Стоит заметить, что я узнал это не из литературы о Бэррэттах, а... в Гарварде
Ещё в колледже, стараясь добрать недостающие очки, я взял среди прочих курс 108 по социологии, «Индустриальное развитие Америки». Читал его парень из радикальных экономистов по имени Дональд Фогель. Он уже прочно стал легендой Гарварда хотя бы потому, что густо замешивал свои лекции на ненормативной лексике. Кроме того, его курс был стопроцентной халявой.
(«Не верю я в эти [нецензурно], [нецензурно], [очень нецензурно], экзамены», — говаривал Фогель. Народ веселился).
Сказать, что аудитория была наполнена — значит не сказать ничего. Она была забита до отказа: спортсмены-пофигисты и зубрилы медики — халявные очки требовались всем. ...
Обычно, несмотря на цветистый лексикон Дона Фогеля, большинство читало «Кримзон» или просто дремало.
К сожалению, в какой-то момент я проснулся. Речь шла о ранних этапах истории текстильной промышленности — предмете вполне снотворном.
«[Нецензурно], что же касается истории текстильной промышленности, то много [нецензурно] благородных гарвардских имён сыграло в ней довольно неприглядную роль. Возьмём, к примеру, Амоса Брюстера Бэрретта, выпускника Гарварда 1794-го года...»
Ничего себе — моя фамилия! Знает ли Фогель, что я слушаю его? Или читает эту лекцию студентам каждый год?
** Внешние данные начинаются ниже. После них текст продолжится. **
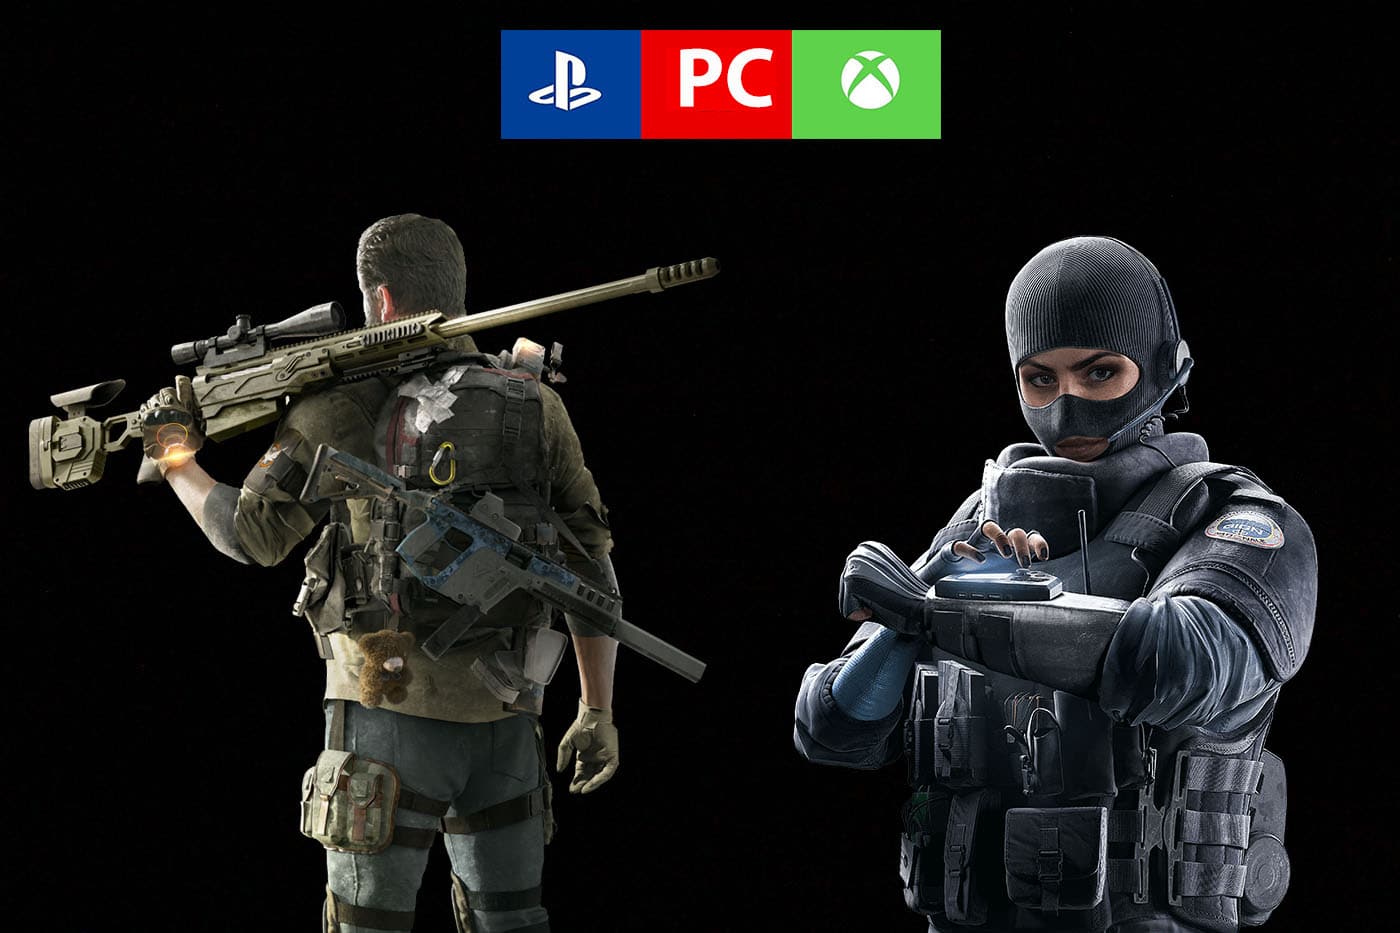 Ubisoft quiere llevar el cross-play a juegos como Rainbow Six Siege y The Division 2, gAMERSrd

Когда он продолжил, я вжался в своё кресло:
"В 1814 Амос и несколько его дружков по Гарварду объединили усилия, чтобы принести индустриальную революцию в Фолл Ривер, штат Массачусетс. Они построили первые большие текстильные фабрики. И взяли на себя «заботу» о всех своих рабочих. Это называлось патернализмом. Они строили общежития для девочек, которых набирали на отдалённых фермах. Разумеется, половина заработка тех уходила на оплату еды и жилья.
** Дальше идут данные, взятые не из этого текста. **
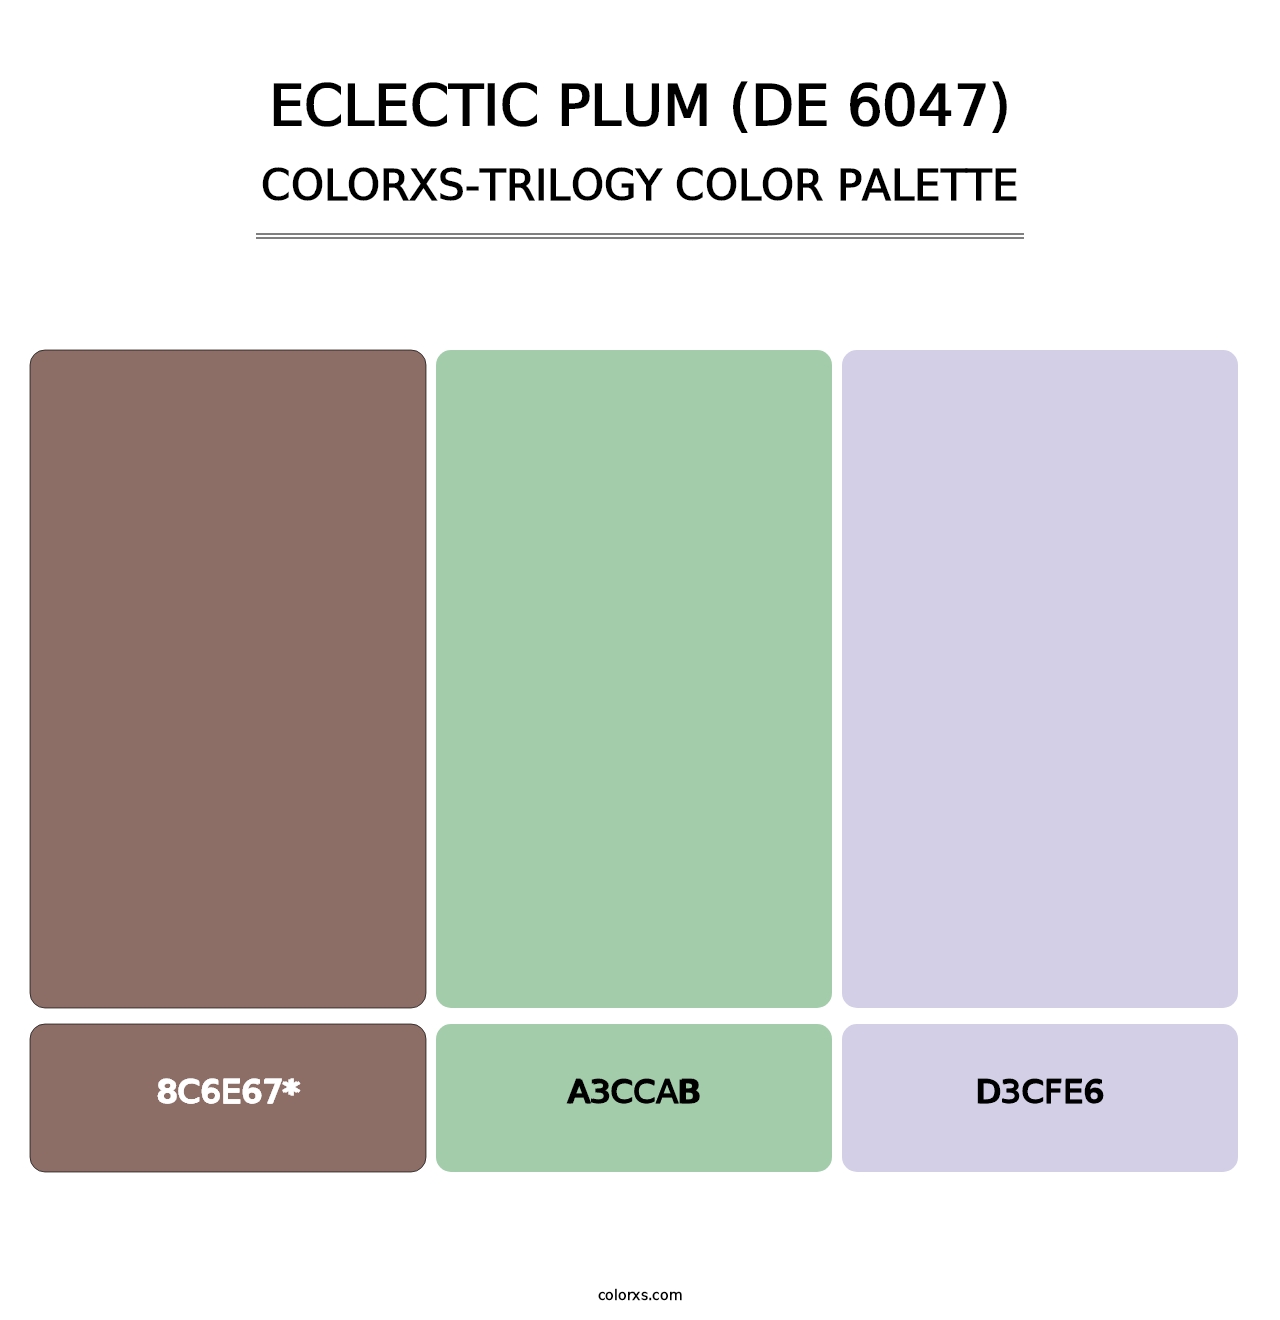 Eclectic Plum (DE 6047) - Colorxs Trilogy Palette

Маленькие леди трудились по восемьдесят часов в неделю. И, естественно, Бэрретты учили их бережливости. «Храните деньги в банке, девушки». Угадайте, кому принадлежал банк?"
Я от души пожелал превратиться в комара и незаметно улетучиться.
Блистая даже более плотным, чем обычно каскадом эпитетов, Дон Фогель излагал историю предприятия Бэрреттов. Он разглагольствовал добрую (кому как) половину часа.
В начале XIX века половина работников в Фолл Ривер была детьми. Некоторым исполнилось только пять. Дети приносили домой по два бакса в неделю, женщины — по три, мужчины получали королевские семь с половиной.
Не наличными, разумеется. Половину им платили купонами. Действительными только в магазинах Бэрреттов. Разумеется.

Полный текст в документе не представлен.